Would you please repeat, word for word, only the lines from the one holding "Koreakrieg: US-Soldaten in" through the one holding "Terrasse mit Gartenmauer in Natursteinoptik" in the material below, without the pictures?

» Material provided
::::::::::
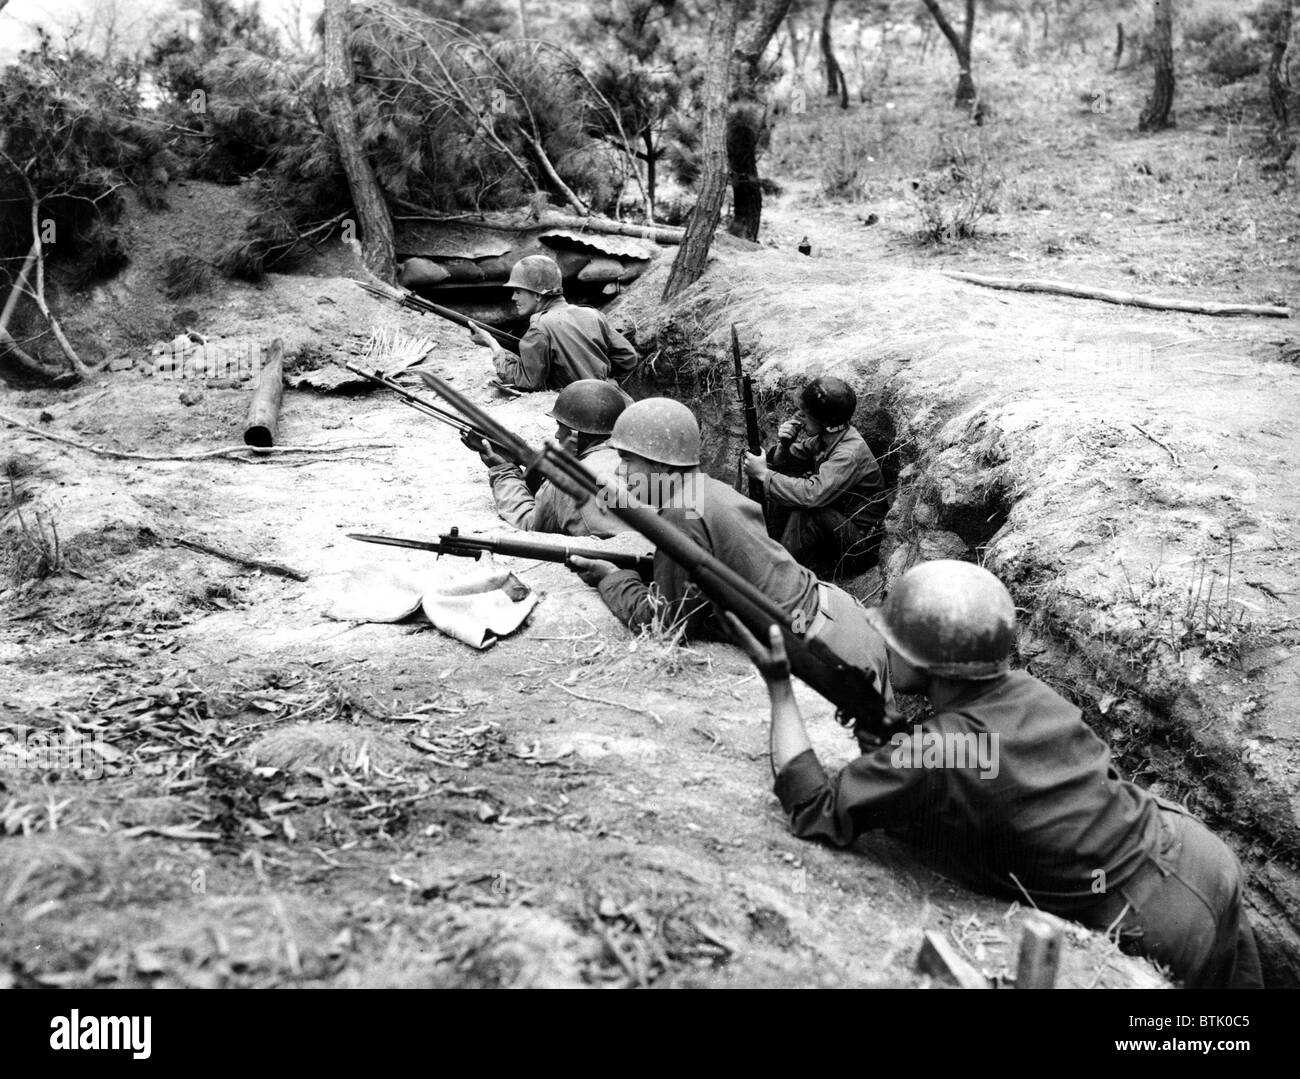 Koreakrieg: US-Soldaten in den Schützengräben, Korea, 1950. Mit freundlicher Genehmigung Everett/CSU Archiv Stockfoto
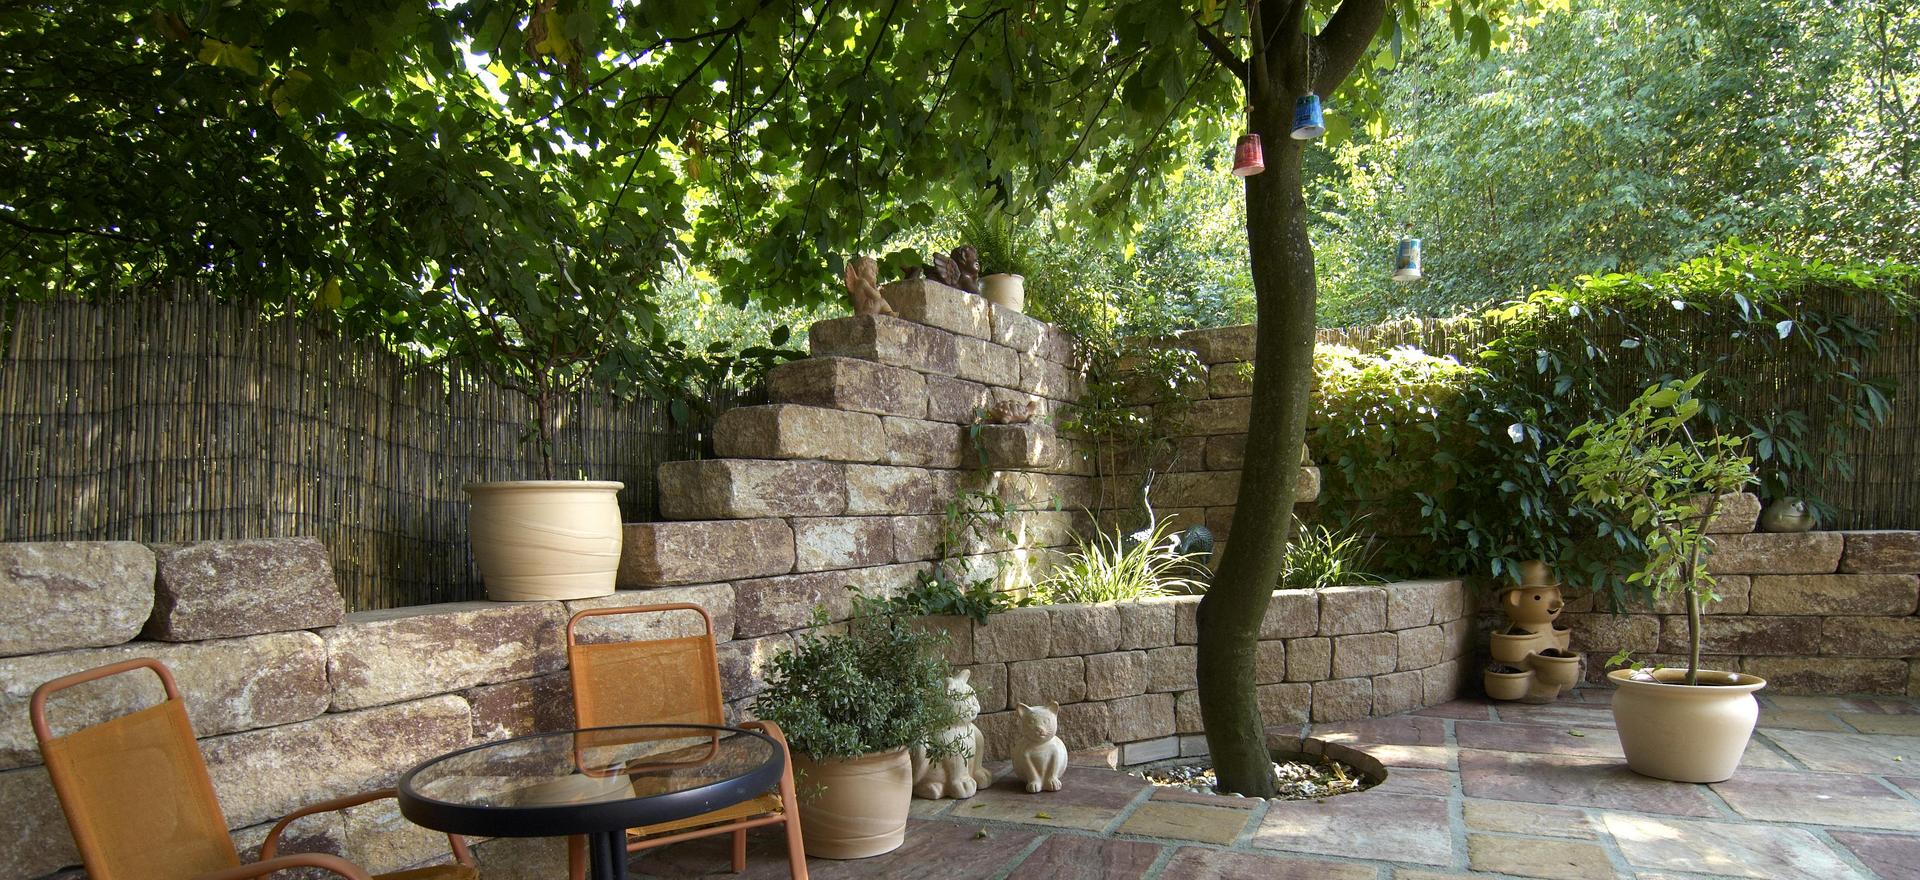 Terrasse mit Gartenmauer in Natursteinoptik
::::::::::
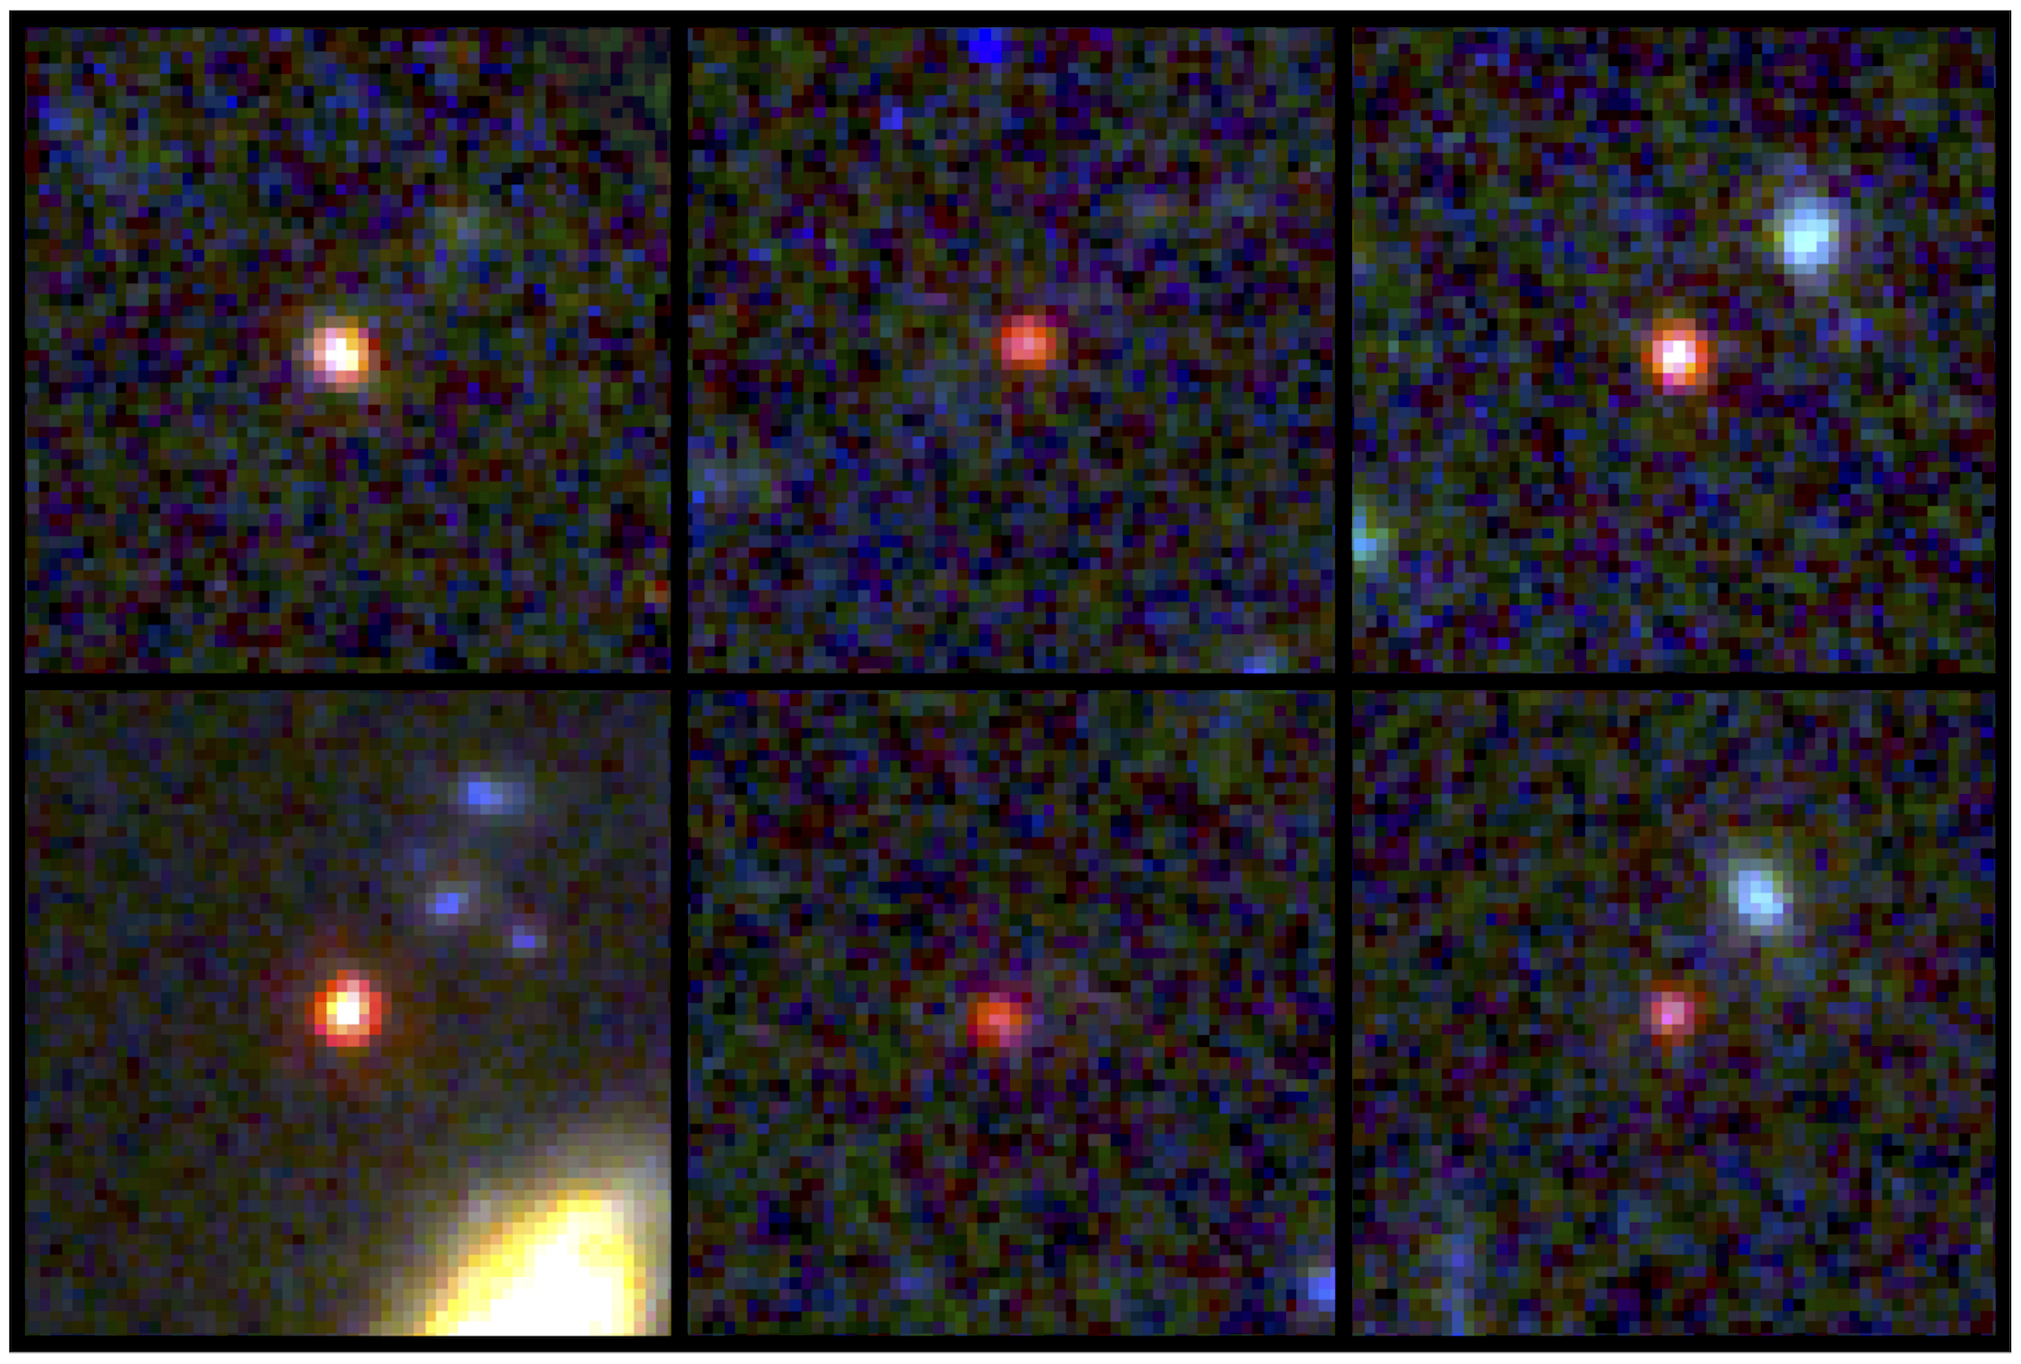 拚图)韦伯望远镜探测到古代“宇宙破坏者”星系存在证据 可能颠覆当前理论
::::::::::
» Result below
 Koreakrieg: US-Soldaten in den Schützengräben, Korea, 1950. Mit freundlicher Genehmigung Everett/CSU Archiv Stockfoto
 Terrasse mit Gartenmauer in Natursteinoptik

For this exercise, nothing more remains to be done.